Let’s take a look at an example of how you might add an Iota operator to Tripy. So that it doesn’t clash with Tripy’s actual Iota implementation, we’ll call it Theta instead.

Implementation

FlatIR Operator

The FlatIR operator is usually the most challenging aspect of implementing operators in Tripy. The good news is that you might not even need to do this if the low-level operators you need already exist in the FlatIR. And if you do, then it’ll only get easier after this!

We’ll start by adding a new file under nvtripy/flat_ir/ops called theta.py; see the inline comments for explanations of what’s happening:

 1from dataclasses import dataclass
 2
 3from mlir_tensorrt.compiler import ir
 4from mlir_tensorrt.compiler.dialects import stablehlo
 5
 6from nvtripy.flat_ir.ops.base import BaseFlatIROp
 7
 8
 9# Every `FlatIR` operator is implemented as a `dataclass` so that the base
10# class can automatically implement several methods by inspecting the child
11# class fields at runtime. The `repr=False` is important because the default
12# `__repr__` method generated by `dataclass` will be extremely verbose and
13# makes interactive debugging more difficult.
14@dataclass(repr=False)
15class ThetaOp(BaseFlatIROp):
16    dim: int
17
18    # `to_mlir()` is the trickiest bit.

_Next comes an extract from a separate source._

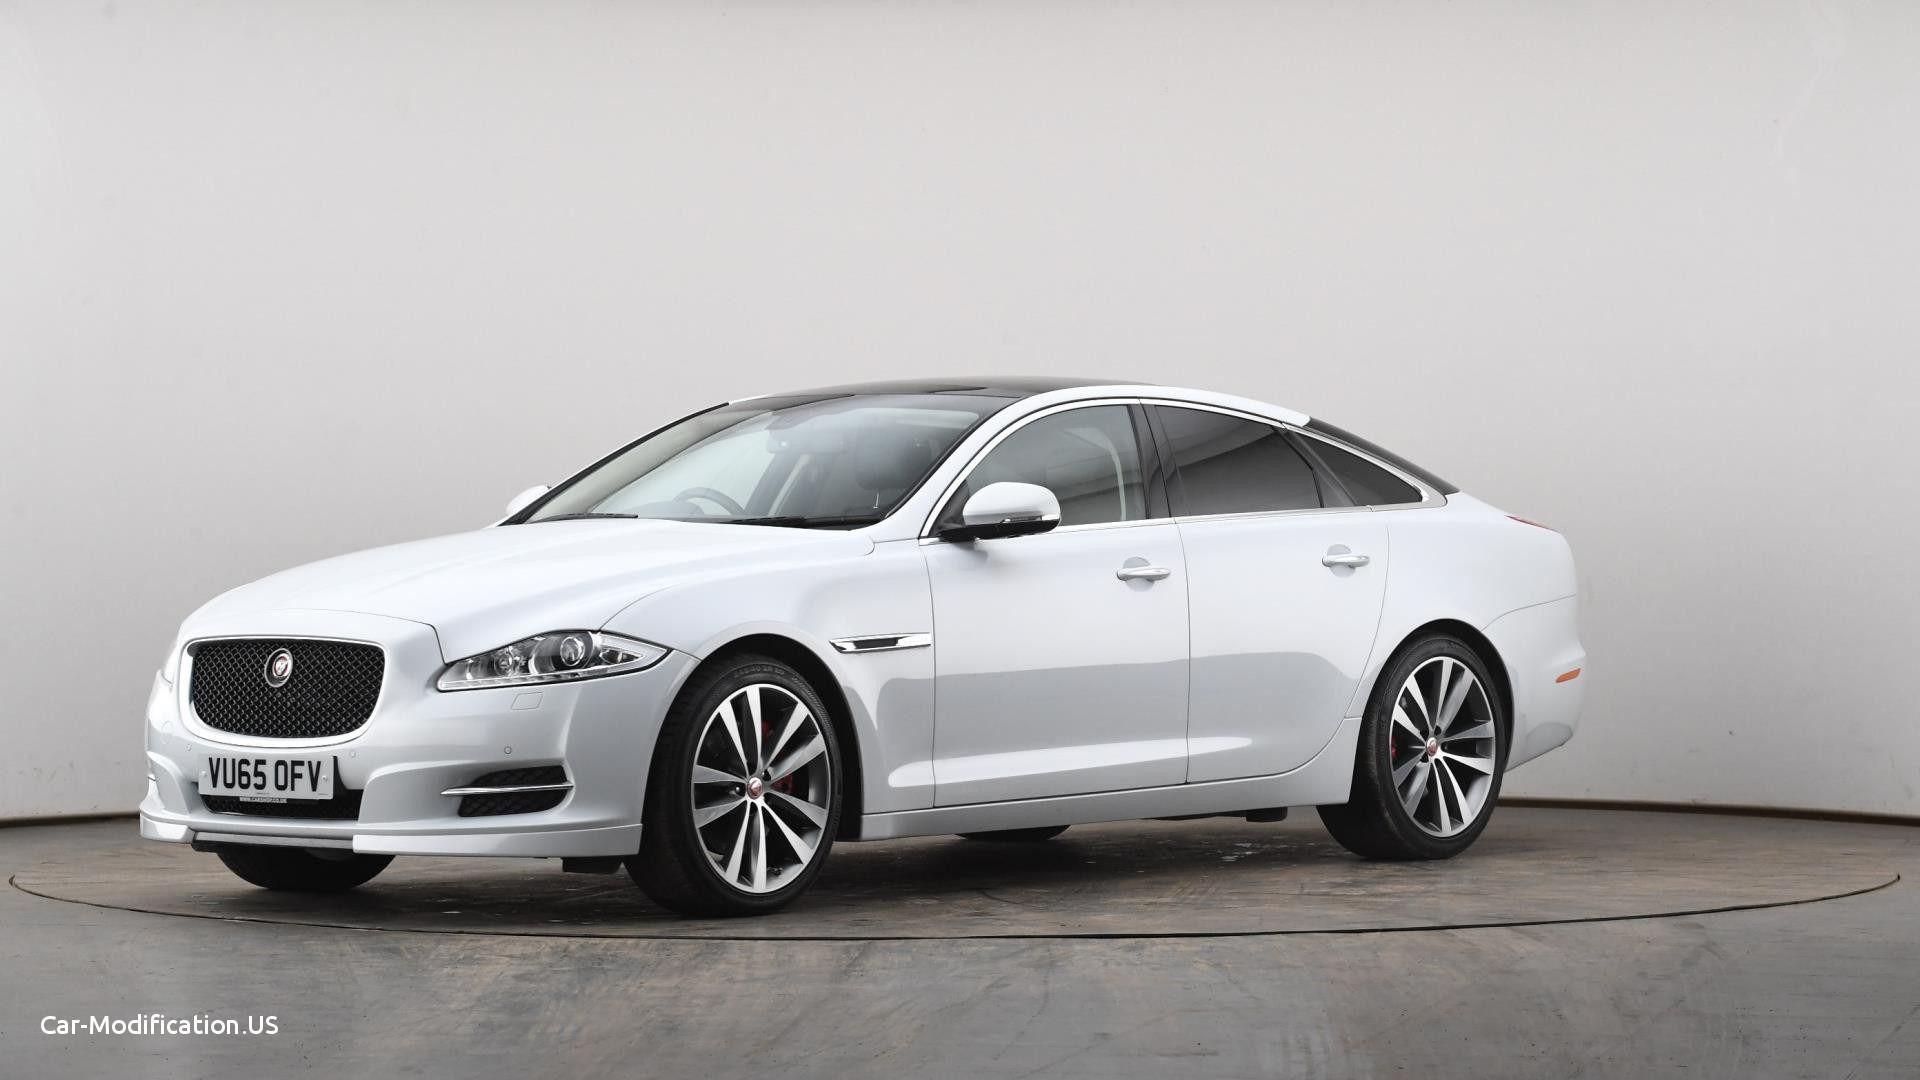 2020 Jaguar Xe Inspirational 2019 Jaguar Xj Coupe 2019 Jaguar Xj Top Used Suv Car Dealership Luxury Car Garage

As the name implies, the method is
19    # meant to lower the `FlatIR` operator into MLIR. To figure out which
20    # MLIR operators to use, refer to the 'MLIR Python API Guide'
21    # (linked below).
22    def to_mlir(self, operands):
23        out_type = self.outputs[0].to_mlir()
24        theta_dim = ir.IntegerAttr.get(
25            type=ir.IntegerType.get_signless(64), value=self.dim
26        )
27        output = stablehlo.DynamicIotaOp(
28            result=out_type, output_shape=operands[0], iota_dimension=theta_dim
29        )
30        return [output]

Links:

Exposing The Operator

One of the principles we follow when writing submodules is that other submodules should not need to reach into the internals of a submodule to retrieve something they need.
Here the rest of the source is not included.